Does Escobedo's PWM really PWM?

[thehallofshields]

Okay, so I'm just a journeyman and I've been trying to think of ways to manipulate the Duty-Cycle of perfect 50% Squares from CMOS stuffs.

I had the idea of messing with the Bias of a Schmitt Trigger, but I tried it in a couple simulations and it didn't work.
Then I rediscovered Tim Escobedo's PWM Fuzz and realized it was doing just that: 2 Schmitt Trigger Stages, with the second Input leaking DC to Ground.



1.) Does it even work as intended?
2.) Does the Duty Cycle go from 50%-0% as the pot shunts the signal to ground?
3.) Is the Duty-Cycle kind of consistent across different Audio frequency ranges?
4.) Is there a better way to do this?

[Freppo]

1. Yes it does work.

The small input cap combined with the pulldown resistor/pot makes a 'positive edge to negative going pulse' function.
The pulsewidth depends on both the input cap and the resistor. Don't ask me exactly how it works...

If you put the resistor (or pot) to V+ insted, you get a negative edge to positive going pulse.
I used this trick in my CMOS phaser, but at very high frequencies.

2. I guess so. Never played around with that circuit. It could probably use a fixed resistor to ground in series with the pot to set the minimum pulsewidth.
3. No, not really. But for guitar it works ok. For a pure square wave oscillator the pulsewidth control would only work optimally at a certain frequency.
4. Yes, but it depends on what you need it for. To control the pulsewidth of an oscillator there are better ways that works over a much larger range using diodes.

[thehallofshields]

So the Voltage at the Schmitt Trigger's Gate (Pin 3) does actually drop between 4.5V and 0V. -Cool.

I was really hoping that with a Pot between 9V and 0V (and some series resistance) I could get a range of like 20%-80%.
It's not working in simulations so I'm very confused.

I can't imagine how Pin 2's Output Cap or any HPF action would contribute.

[hymenoptera]

I think it just stores a charge. Eventually it discharges to ground through the Width pot, the time it takes depending on the width pot settings.

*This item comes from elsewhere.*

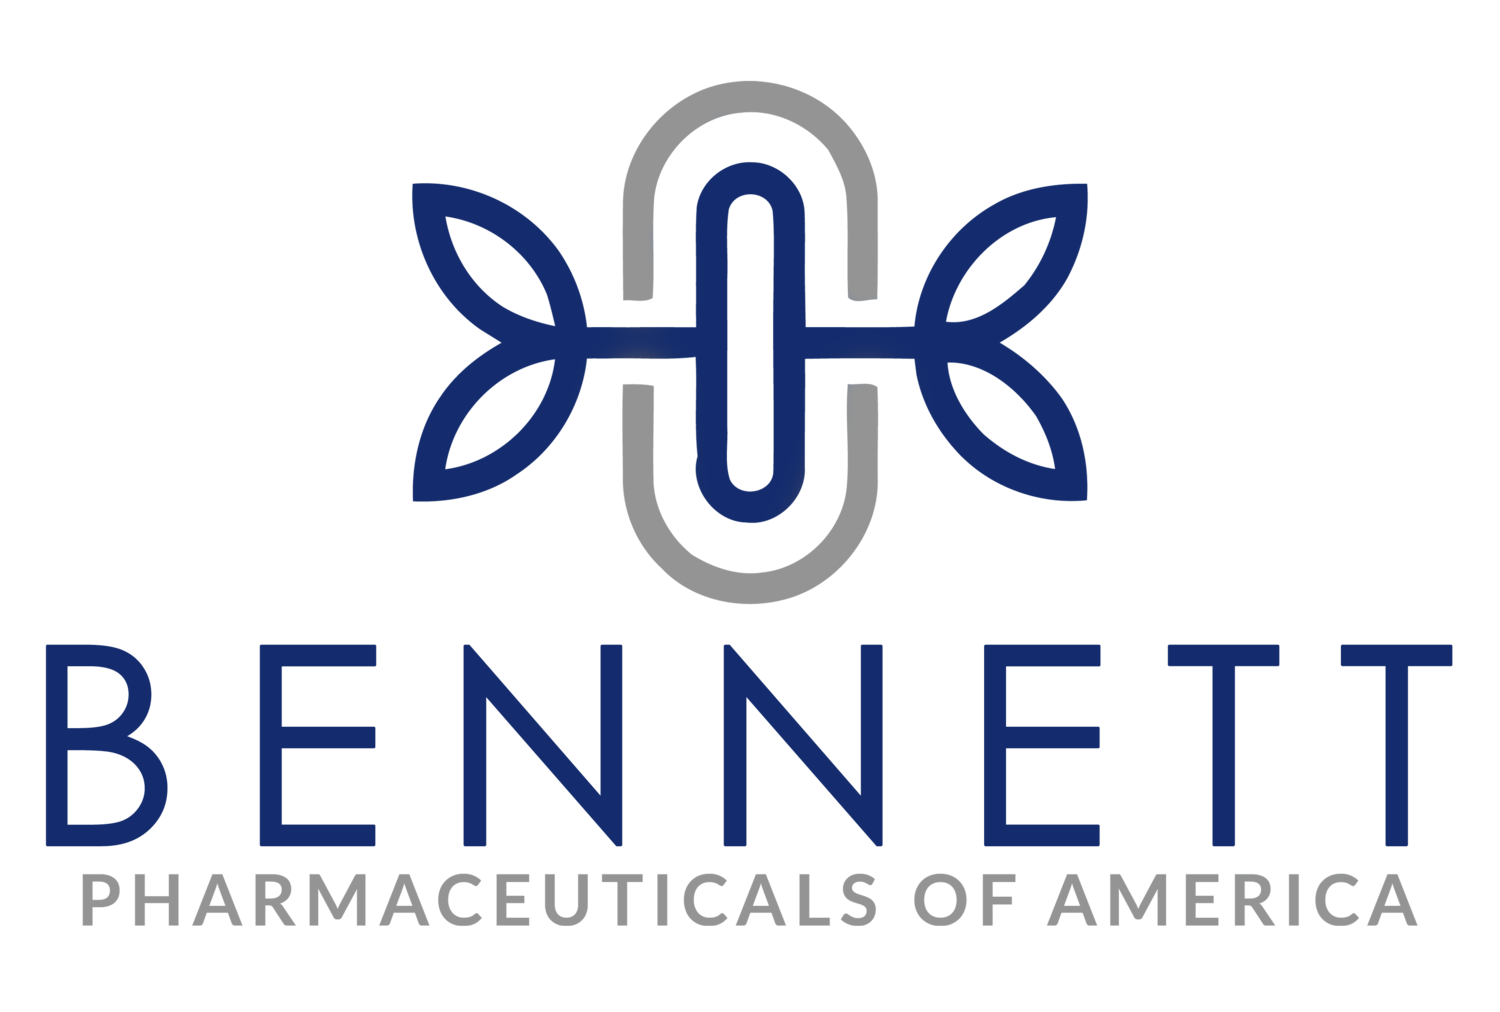 Bennett Pharmaceuticals of America

At some point it crosses the threshold for the next input's Schmidt Trigger and flips polarity, ending that pulse. The cap and pot are establishing the time constant for the width of each pulse.

Or I could be totally wrong. Still trying to wrap my head around all of this digital stuff. It's all pretty new to me

[anotherjim]

The RC is a differentiator. It produces a saw-like output waveform that reverses direction from each level change of an incoming square/pulse wave. The curved slope decay time back to the zero crossing of the saw shape is directly set by the R & C values. When fed to either a comparator or a Schmitt trigger, the resulting output is a pulse wave with a pulse width corresponding to when during the saw wave slope the detection threshold voltage is crossed.

As the image shows, an input frequency with a faster period than the RC time defeats the differentiator effect, so a fixed RC time tends to give consistently sounding results over only about 2 octaves.

[thehallofshields]

Awesome! This is exactly what I was looking for.

Differentiator feeding a Schmitt Trigger; that's plenty to sink my teeth into.
2 Octaves is an acceptable range, but I wish there was some magic-bullet for Duty-Cycle control.

[thehallofshields]

Okay last question:

Is this setup going to work with Discrete Schmitt Triggers, Opamp Schmitt Triggers, CMOS Inverters arranged as Schmitt Triggers?

[anotherjim]

Anything that switches according to a defined input level will work, so long as the polarity is worked out right. Any Schmitt trigger of course, but also any logic gate - they all have a switching threshold.

Bear in mind the negative part of the wave -  it really is going negative below 0v. CMOS has input diodes and they should act to clamp the input no more than a diode drop negative and the Escobedo circuit is relying on this. With other circuits you may need to put a reverse diode across the RC resistor to clamp out the negative cycle.

[thehallofshields]

Bear in mind the negative part of the wave -  it really is going negative below 0v.

That's a little mind boggling, but I guess it kind of makes sense if the capacitor is storing charge...

Would the Diode be there to prevent reverse-polarity damage or just for stable operation?

[hymenoptera]

That's a little mind boggling, but I guess it kind of makes sense if the capacitor is storing charge...

And the output of the LM386, too. It goes negative half the time, and plenty of current available. You can probably destroy some components with those chip amps.

Would the Diode be there to prevent reverse-polarity damage or just for stable operation

I think it's all for protection. Standard fare in well designed ICs I think.

[anotherjim]

MOS devices have the diodes for free - they form as part of the process, "parasitic diodes". They are normally reverse biased so don't affect normal operation. A MOS device is full of P-N junctions between the substrate (base silicon) and the circuit elements. Sometimes they form P-N-P-N which is a SCR or Thyristor. If a pin voltage exceeds VSS or VDD, a parasitic thyristor can be triggered causing the logic to "latch-up" until power is switched off and on. When experimenting with CMOS logic, you can expect to experience this sooner or later.
In the RC network, if the capacitor is large, the negative pulse can beat the internal diodes and cause a latch-up.

To explain the appearance of negative voltages, if the input to the C has switched up to +9v, then the C charges via the R until there is the full +9v stored across the plates of the C. When the input switches back to 0v, what happens to the 9v charge? It's still there, and if the end of the C that was +9 is now 0, then the other end must become -9v! It will be -9v until it discharges via the R back to 0v. It MUST be allowed to discharge the negative cycle or it won't be able to react again to the next positive cycle, so we can't block it with a series diode.

A reverse parallel diode, either added by us or built into the device, will not only prevent the chip seeing the full (and damaging) -9v, but also rapidly discharge the negative cycle whatever the variable R is set at.
Speaking of damage, what about the discharge current? The Escobedo circuit, like countless others, ignores the high peak currents generated. They get away with it because a CMOS output has high resistance compared to other technologies. Note that the first inverter is driving the RC- not the 386. From 30-50ohm for a device intended to handle drive currents or 100-200ohm for most general logic. Excessive current will still be experienced briefly, but not for long enough to cause heating damage, so it gets away with it.
What about the current in the protection diode? This CAN be damaging - permanently. If we're worried about this, we could fit a series resistor to the chip input pin - say 1k - that won't affect the timing or input level thresholds noticeably but will limit the diode current - protect the protection!